There are 34 additional wells that are expected to be included in the offer process during the remainder of 2015; however, the extent and timing of these acquisitions in future periods will be dependent on the terms and conditions of the offer process. We currently do not anticipate that all 34 wells will meet the Committed Well criteria when the initial offer is made. Any offer well that remains an Uncertainty Well for two consecutive quarters converts to a Committed Well and is included in the offer for Committed Wells for the quarter immediately following such period. As such, the number of wells acquired in 2015 could be lower than the 41 wells offered on.

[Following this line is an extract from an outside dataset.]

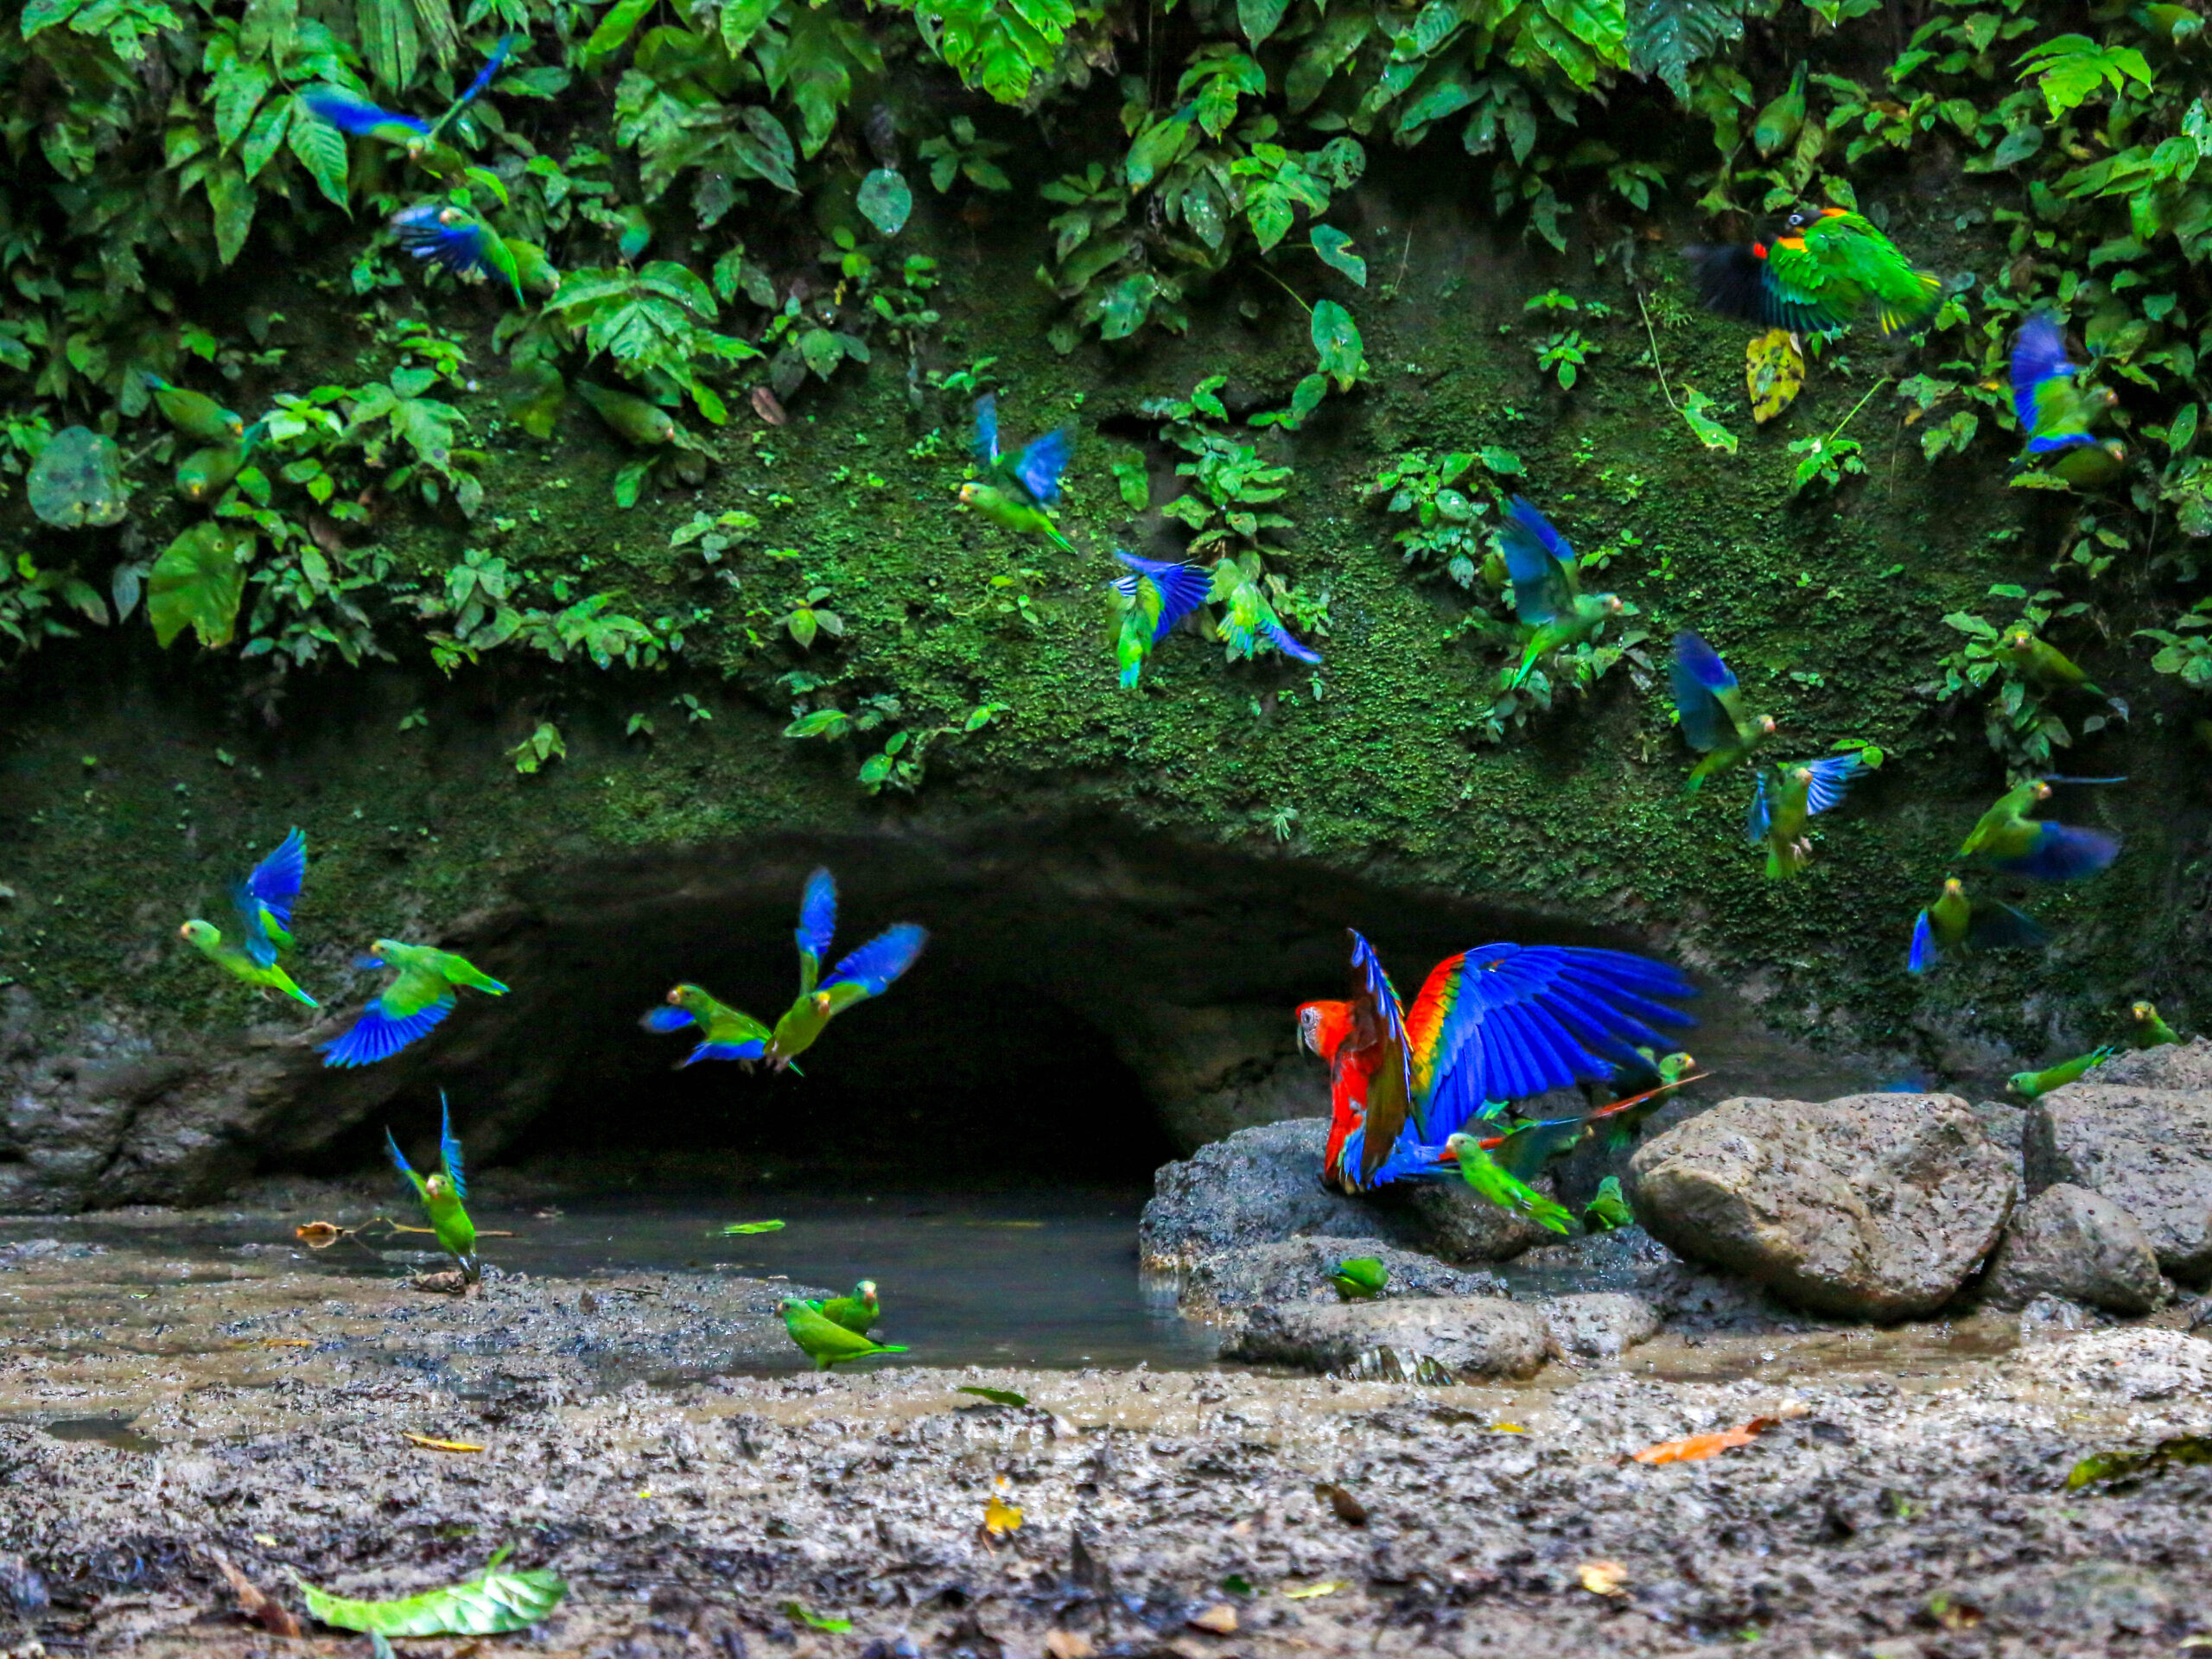 Macaw clay lick in Yasuni National Park

EXCO has derivative contracts in place protecting approximately 65% of our expected 2015 natural gas production. The Company’s 2015 natural gas derivative contracts consist of 117,500 Mmbtus per day of fixed price swaps at an average NYMEX Henry Hub price of $4.20 per Mmbtu, and 75,000 Mmbtus per day of three-way collar contracts. The three-way collar contracts have an average NYMEX Henry Hub call price of $4.47 per Mmbtu, a put price of $3.83 per Mmbtu and a short put price of $3.33 per Mmbtu. In addition, the Company has derivative contracts in place hedging approximately 50% of our expected 2015 oil production at an average fixed swap price of $91.09 per barrel (including the impact of basis swaps). The mark-to-market value of the Company’s derivative contracts as of December 31, 2014 was approximately $100 million.
Additional information about EXCO Resources, Inc. may be obtained by contacting Chris Peracchi, EXCO’s Vice President of Finance and Investor Relations, and Treasurer, at EXCO’s headquarters, 12377 Merit Drive, Suite 1700, Dallas, TX 75251, telephone number (214) 368-2084, or by visiting EXCO’s website at www.excoresources.com. EXCO’s SEC filings and press releases can be found under the Investor Relations tab.
We believe that it is important to communicate our expectations of future performance to our investors. However, events may occur in the future that we are unable to accurately predict, or over which we have no control. We caution you not to place undue reliance on a forward-looking statement. When considering our forward-looking statements, keep in mind the cautionary statements and the risk factors included in our Annual Report on Form 10-K for the year ended December 31, 2013, filed with the Securities and Exchange Commission ("SEC") on February 26, 2014, and our other periodic filings with the SEC.
Our revenues, operating results and financial condition substantially depend on prevailing prices for oil and natural gas and the availability of capital from our Credit Agreement. Declines in oil or natural gas prices may have a material adverse effect on our financial condition, liquidity, results of operations, the amount of oil or natural gas that we can produce economically and the ability to fund our operations. Historically, oil and natural gas prices and markets have been volatile, with prices fluctuating widely, and they are likely to continue to be volatile.